If your business currently doesn’t have a website, we can help you with that. Otherwise, keep reading.

2. Their website isn’t responsive

Having a website up and running is the first step to creating an effective marketing strategy. But if you really want it to help bring in customers, you need more than a basic desktop version. You need a website that’s mobile-responsive.

That’s because 80% of internet users accessed the Web via their smartphones in 2017, and of those people, 61% were more likely to contact a local business if it had a responsive website.

Taking your site beyond the basics and making it easy to use on any device ensures your visitors have a better experience with your brand. Good experiences create feelings of trust, and that’s what ultimately convinces your website visitors to do business with you.

Still, only 56% of small businesses in the U.S. have a mobile-friendly website, and in the South, that rate drops to 51%. That means half of Southern local businesses aren’t ready for the vast majority of their website visitors, and they’re losing potential customers as a result.

3. They’re not active on social media

Social media is one of the most important marketing tools out there for a local business.
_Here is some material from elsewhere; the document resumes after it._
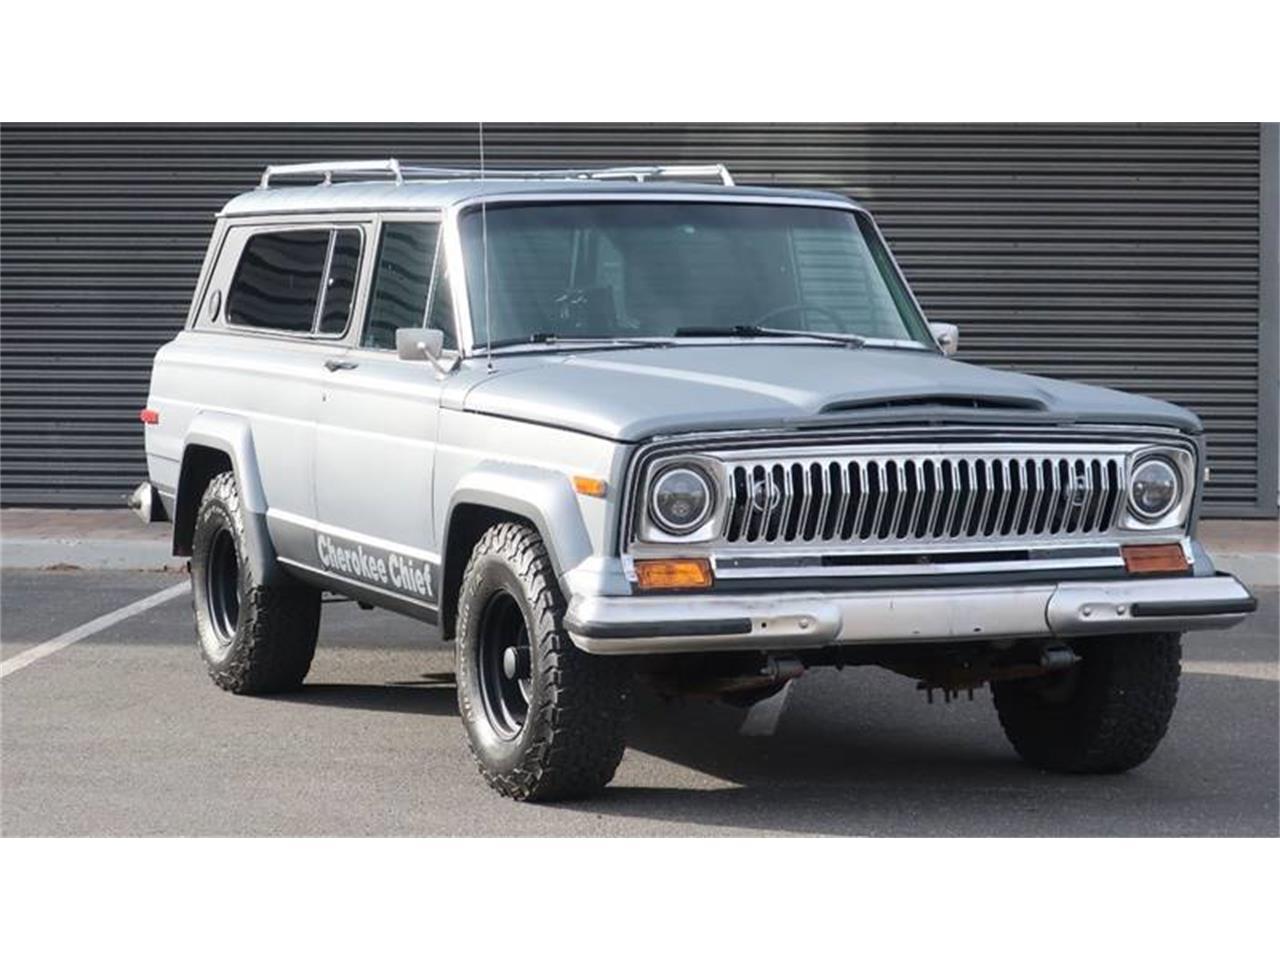 for sale 1976 jeep cherokee in hailey, idaho cars - hailey, id at geebo

Not only does it give you a platform to connect with your community and start building a reputation for your brand, but it’s also completely free.

With social media, you can connect with your customer base, build brand awareness and loyalty, drive traffic to your website, keep tabs on your competitors, and so much more. If you have some wiggle room in the marketing budget, you can start exploring the advertising options that are now available on nearly every existing social media platform.

Worried that your customers won’t engage with your social media accounts? Don’t be. Social media is now the most widely preferred avenue for customer care. In fact, 30% of Millennials engage with brands on at least a monthly basis, as do 32% of Gen Xers and 14% of Baby Boomers.

enerational engagement on social media local business marketing mistakes

So by being active on social media, you’re making it easier for your potential customers to engage with your brand frequently. And when it’s easy for them to engage, it’s easy for them to feel comfortable spending money.

4. They have too many social media accounts

Just because you use social media to market your local business doesn’t mean that you’re not making mistakes. We’ve seen plenty of small businesses who erred too far in the other direction under the impression that they need to be active on every social channel available.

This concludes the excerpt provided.